Once wounds have healed and your surgeon confirms it is safe, scar management may include silicone products, gentle massage, sun avoidance, and time. Patients with a history of thick or keloid scars should mention this at consultation so that expectations and management can be tailored accordingly.

Can I have breast reduction if I plan significant weight loss?

It is generally preferable to be close to a stable, sustainable weight before surgery. Significant weight loss after breast reduction can alter breast size and shape and may lead to recurrent sagging, which might reduce satisfaction with the final appearance.

Are surgical drains always used?

Some surgeons use small drains to remove excess blood or fluid after breast reduction, while others do not. When used, drains are usually removed within the first 24–48 hours.

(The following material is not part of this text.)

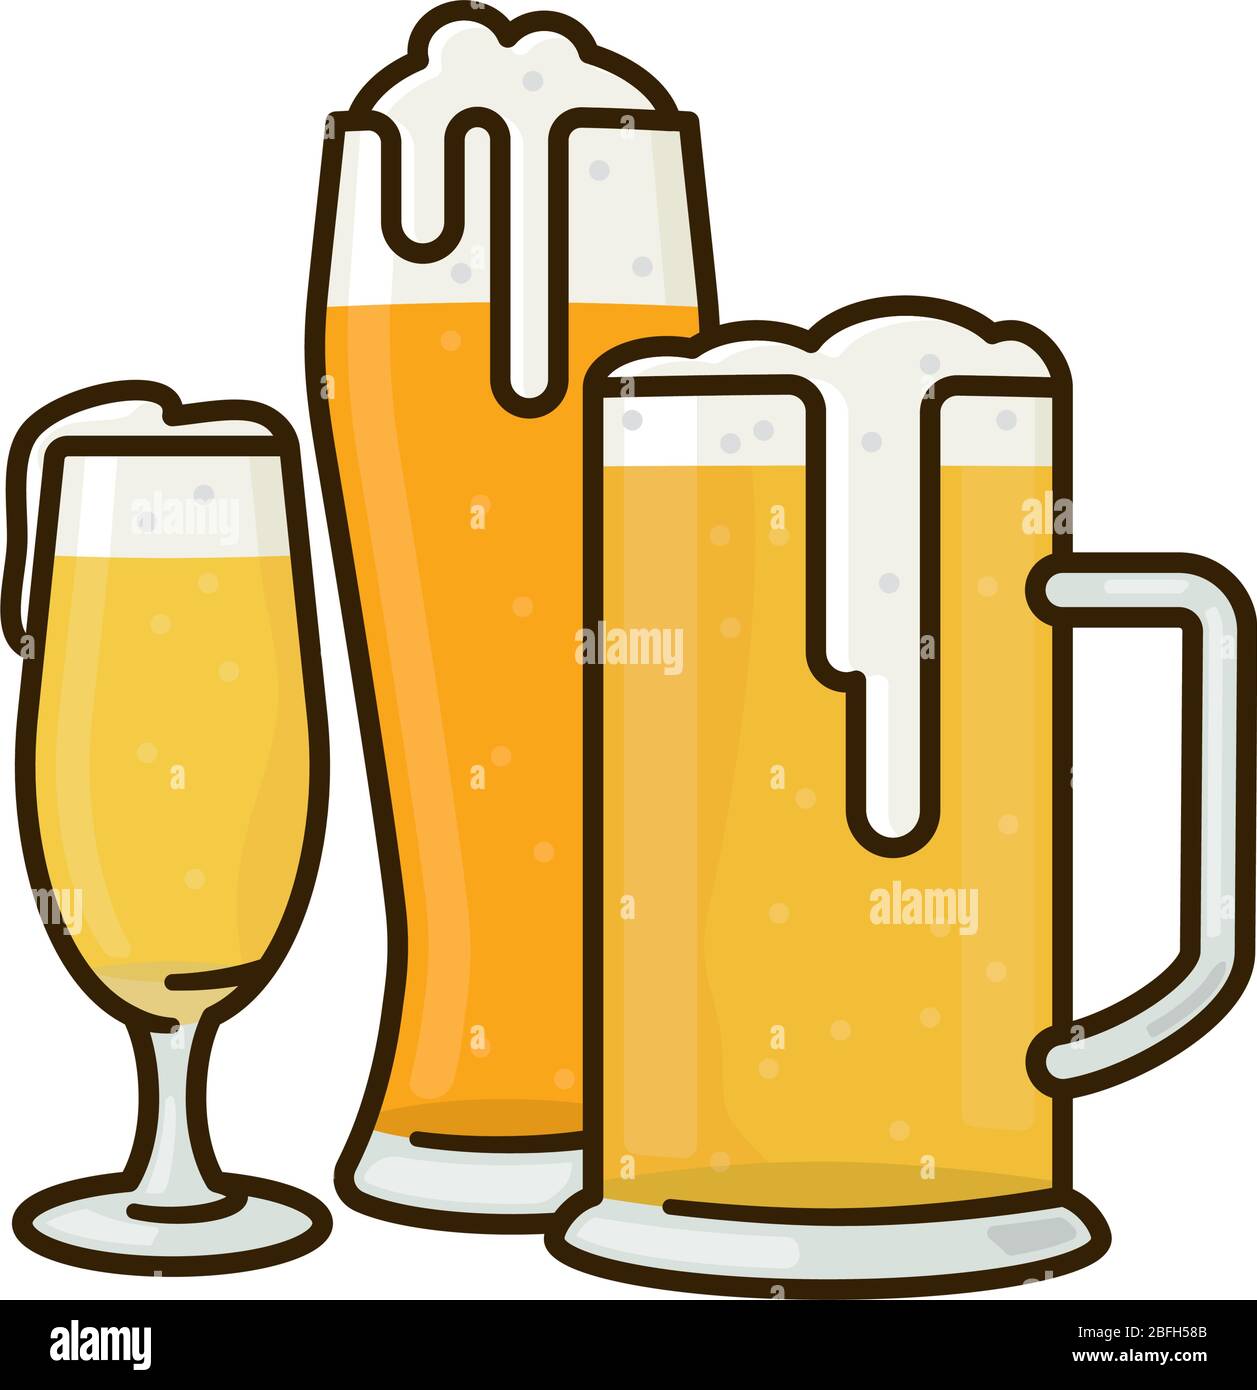 Varietà di bicchieri di birra isolato vettore illustrazione per la Giornata tedesca della birra il 23 aprile. Simbolo delle bevande alcoliche tradizionalmente preparate. Illustrazione Vettoriale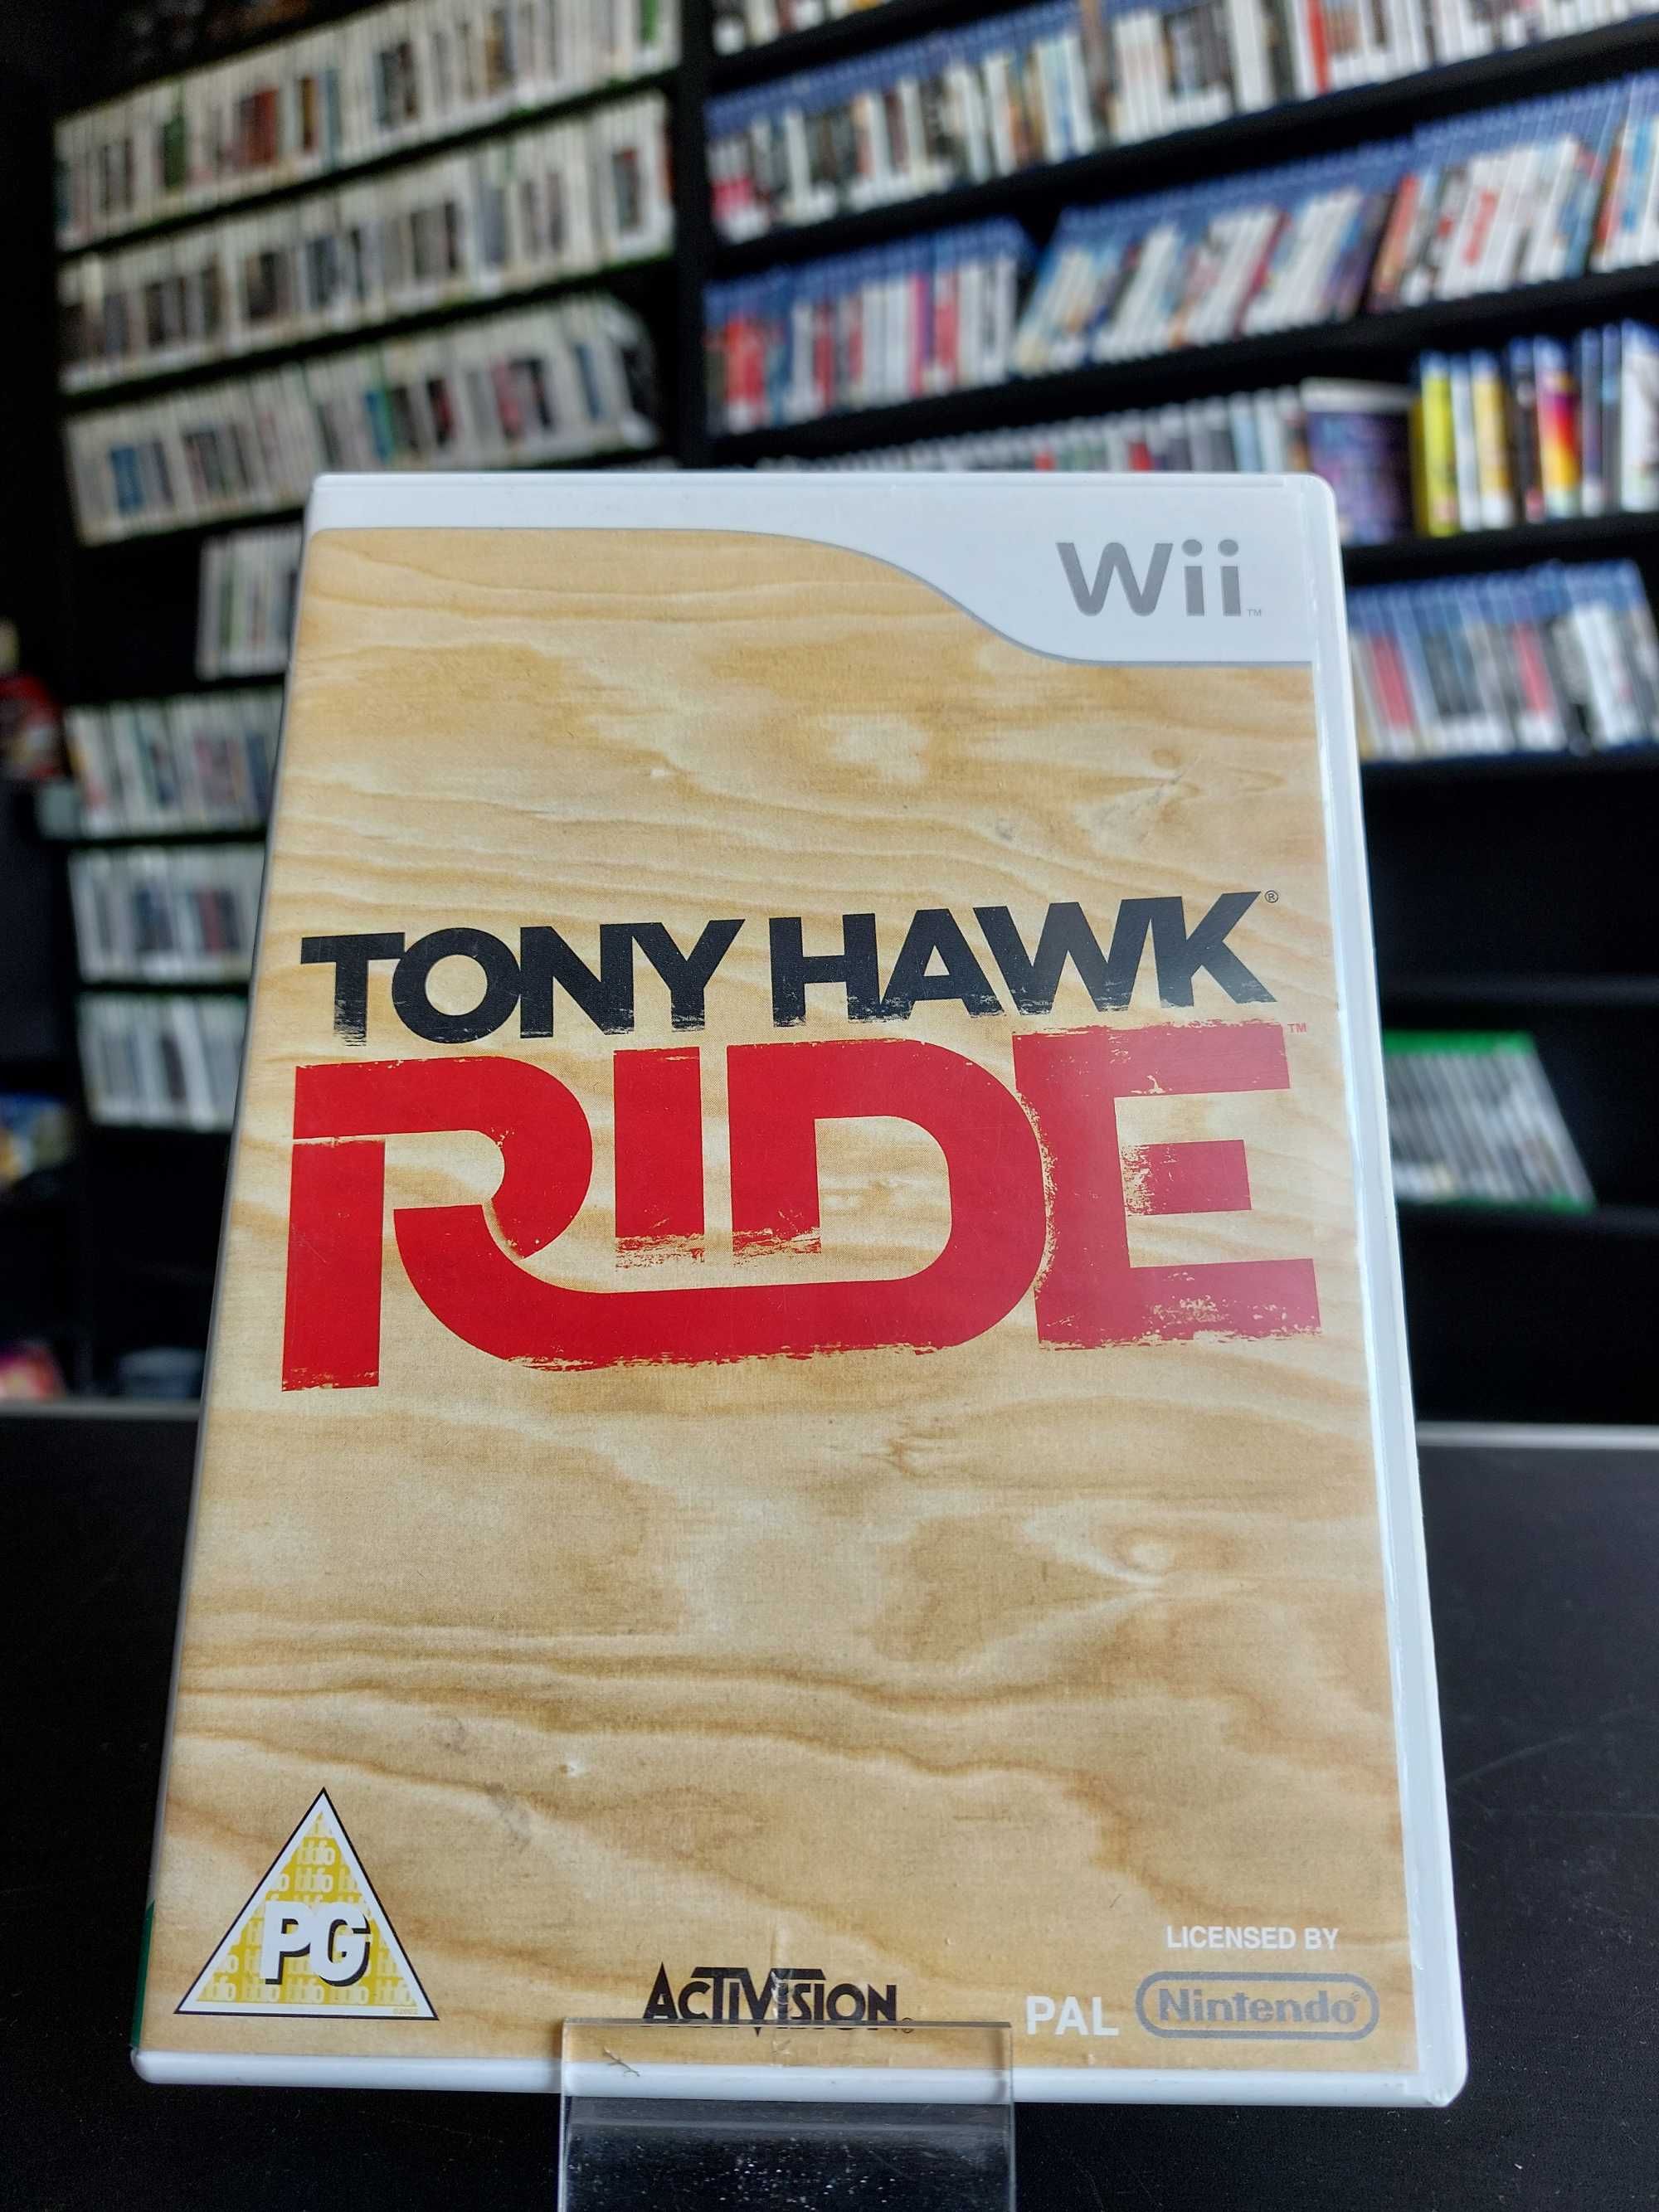 Tony Hawk Ride - Sklep Będzie Granie Zabrze

The decision to use drains depends on surgeon preference, technique, and intraoperative findings.

What age is appropriate for breast reduction?

Breast reduction is usually performed in adults once breast development is largely complete. In selected younger patients with severe physical symptoms or functional impairment, surgery may be considered after comprehensive physical and psychological assessment and with attention to current guidelines and consent requirements.

Important Information and Risk Warning

Any surgical or invasive procedure carries risks. Before proceeding, you should seek a consultation and consider obtaining a second opinion from an appropriately qualified health practitioner.

The information on this page is general in nature, is intended for adults (18+) in Australia, and does not replace individual medical advice. A personalised assessment with a suitably qualified medical practitioner is required to determine whether breast reduction surgery is appropriate in your circumstances, to discuss alternatives, and to explain potential risks and outcomes.